=== What is being asked ===
Two lines mark the range in the entries below: the one holding "templates-10.jpg" and the one holding "Spicy Teriyaki Grilled". Set down those two and all lines between them, exactly.

--- START ---

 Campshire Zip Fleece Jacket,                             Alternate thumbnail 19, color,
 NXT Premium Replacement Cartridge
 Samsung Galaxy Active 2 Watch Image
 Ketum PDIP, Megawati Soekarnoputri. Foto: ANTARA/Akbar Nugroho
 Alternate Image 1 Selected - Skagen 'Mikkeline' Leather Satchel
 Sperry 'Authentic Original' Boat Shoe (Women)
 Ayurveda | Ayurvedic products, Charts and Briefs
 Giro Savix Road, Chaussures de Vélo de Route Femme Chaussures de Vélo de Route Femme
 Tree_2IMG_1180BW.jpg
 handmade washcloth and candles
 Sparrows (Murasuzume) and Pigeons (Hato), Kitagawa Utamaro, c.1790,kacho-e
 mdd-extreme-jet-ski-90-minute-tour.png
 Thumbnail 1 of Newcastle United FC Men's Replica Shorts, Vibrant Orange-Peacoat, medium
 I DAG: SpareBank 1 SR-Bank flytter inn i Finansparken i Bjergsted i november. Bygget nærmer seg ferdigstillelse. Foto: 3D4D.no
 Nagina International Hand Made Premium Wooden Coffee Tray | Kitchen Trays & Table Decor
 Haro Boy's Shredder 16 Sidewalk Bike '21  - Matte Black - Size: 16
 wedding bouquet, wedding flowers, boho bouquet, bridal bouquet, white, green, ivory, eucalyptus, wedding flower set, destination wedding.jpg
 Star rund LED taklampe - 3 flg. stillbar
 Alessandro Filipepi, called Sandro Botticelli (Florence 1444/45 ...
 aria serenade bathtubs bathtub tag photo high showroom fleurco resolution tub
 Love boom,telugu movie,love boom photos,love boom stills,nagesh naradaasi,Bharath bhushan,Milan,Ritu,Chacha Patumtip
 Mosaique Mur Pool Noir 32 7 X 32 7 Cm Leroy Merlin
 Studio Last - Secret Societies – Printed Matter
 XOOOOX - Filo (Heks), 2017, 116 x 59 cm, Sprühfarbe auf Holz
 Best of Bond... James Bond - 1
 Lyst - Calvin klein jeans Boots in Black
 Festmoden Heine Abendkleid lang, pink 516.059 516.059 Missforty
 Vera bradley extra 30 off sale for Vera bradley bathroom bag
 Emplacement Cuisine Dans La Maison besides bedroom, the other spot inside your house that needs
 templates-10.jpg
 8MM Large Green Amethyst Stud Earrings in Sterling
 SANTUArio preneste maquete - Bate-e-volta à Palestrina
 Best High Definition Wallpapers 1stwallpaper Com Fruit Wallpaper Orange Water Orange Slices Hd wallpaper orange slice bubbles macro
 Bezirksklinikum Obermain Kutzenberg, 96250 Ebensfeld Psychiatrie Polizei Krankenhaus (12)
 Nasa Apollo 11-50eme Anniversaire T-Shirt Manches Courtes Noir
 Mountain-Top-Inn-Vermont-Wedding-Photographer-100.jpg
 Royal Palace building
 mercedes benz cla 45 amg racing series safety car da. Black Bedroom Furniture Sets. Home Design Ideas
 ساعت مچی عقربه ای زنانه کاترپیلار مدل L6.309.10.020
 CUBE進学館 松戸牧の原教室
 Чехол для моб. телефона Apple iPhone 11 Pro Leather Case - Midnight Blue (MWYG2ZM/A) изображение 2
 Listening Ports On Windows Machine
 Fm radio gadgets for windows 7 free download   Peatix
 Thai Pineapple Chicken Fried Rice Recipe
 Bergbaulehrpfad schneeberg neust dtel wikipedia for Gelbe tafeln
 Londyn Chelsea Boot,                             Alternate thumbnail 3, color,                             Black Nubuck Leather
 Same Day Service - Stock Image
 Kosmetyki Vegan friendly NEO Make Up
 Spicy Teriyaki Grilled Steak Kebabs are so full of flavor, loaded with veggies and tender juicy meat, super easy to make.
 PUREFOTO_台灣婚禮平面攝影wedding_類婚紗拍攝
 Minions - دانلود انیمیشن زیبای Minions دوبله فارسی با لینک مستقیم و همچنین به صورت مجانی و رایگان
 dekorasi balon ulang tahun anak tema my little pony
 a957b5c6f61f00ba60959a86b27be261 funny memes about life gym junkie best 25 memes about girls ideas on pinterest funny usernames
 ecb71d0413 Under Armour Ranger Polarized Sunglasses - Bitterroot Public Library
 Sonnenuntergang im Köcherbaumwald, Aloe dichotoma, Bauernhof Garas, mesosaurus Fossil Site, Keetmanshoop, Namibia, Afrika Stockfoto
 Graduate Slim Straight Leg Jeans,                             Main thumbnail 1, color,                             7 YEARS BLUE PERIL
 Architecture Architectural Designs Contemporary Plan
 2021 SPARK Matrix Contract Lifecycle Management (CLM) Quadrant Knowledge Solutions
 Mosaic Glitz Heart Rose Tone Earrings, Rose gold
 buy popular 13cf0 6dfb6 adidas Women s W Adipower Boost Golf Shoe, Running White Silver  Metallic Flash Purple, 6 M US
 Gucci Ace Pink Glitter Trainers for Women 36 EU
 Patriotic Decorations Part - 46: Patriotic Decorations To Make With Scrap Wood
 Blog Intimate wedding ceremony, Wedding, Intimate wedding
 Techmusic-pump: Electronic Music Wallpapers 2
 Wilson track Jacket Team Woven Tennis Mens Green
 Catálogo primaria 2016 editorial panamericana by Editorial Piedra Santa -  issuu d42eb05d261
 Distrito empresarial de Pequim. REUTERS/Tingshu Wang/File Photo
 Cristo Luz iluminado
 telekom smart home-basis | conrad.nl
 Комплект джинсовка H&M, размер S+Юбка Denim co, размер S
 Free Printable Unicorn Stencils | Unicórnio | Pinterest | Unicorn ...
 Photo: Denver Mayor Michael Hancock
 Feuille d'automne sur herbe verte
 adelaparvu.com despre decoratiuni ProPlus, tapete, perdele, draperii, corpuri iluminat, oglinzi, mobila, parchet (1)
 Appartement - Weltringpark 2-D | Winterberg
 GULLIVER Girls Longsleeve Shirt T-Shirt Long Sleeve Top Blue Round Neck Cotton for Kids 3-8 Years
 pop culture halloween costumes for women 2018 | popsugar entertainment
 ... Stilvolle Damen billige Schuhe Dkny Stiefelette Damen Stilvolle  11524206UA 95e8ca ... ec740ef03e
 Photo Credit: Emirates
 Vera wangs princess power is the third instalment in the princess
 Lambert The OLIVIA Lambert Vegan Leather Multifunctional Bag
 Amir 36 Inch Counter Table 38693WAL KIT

--- END ---

=== Reply to the exercise ===
 templates-10.jpg
 8MM Large Green Amethyst Stud Earrings in Sterling
 SANTUArio preneste maquete - Bate-e-volta à Palestrina
 Best High Definition Wallpapers 1stwallpaper Com Fruit Wallpaper Orange Water Orange Slices Hd wallpaper orange slice bubbles macro
 Bezirksklinikum Obermain Kutzenberg, 96250 Ebensfeld Psychiatrie Polizei Krankenhaus (12)
 Nasa Apollo 11-50eme Anniversaire T-Shirt Manches Courtes Noir
 Mountain-Top-Inn-Vermont-Wedding-Photographer-100.jpg
 Royal Palace building
 mercedes benz cla 45 amg racing series safety car da. Black Bedroom Furniture Sets. Home Design Ideas
 ساعت مچی عقربه ای زنانه کاترپیلار مدل L6.309.10.020
 CUBE進学館 松戸牧の原教室
 Чехол для моб. телефона Apple iPhone 11 Pro Leather Case - Midnight Blue (MWYG2ZM/A) изображение 2
 Listening Ports On Windows Machine
 Fm radio gadgets for windows 7 free download   Peatix
 Thai Pineapple Chicken Fried Rice Recipe
 Bergbaulehrpfad schneeberg neust dtel wikipedia for Gelbe tafeln
 Londyn Chelsea Boot,                             Alternate thumbnail 3, color,                             Black Nubuck Leather
 Same Day Service - Stock Image
 Kosmetyki Vegan friendly NEO Make Up
 Spicy Teriyaki Grilled Steak Kebabs are so full of flavor, loaded with veggies and tender juicy meat, super easy to make.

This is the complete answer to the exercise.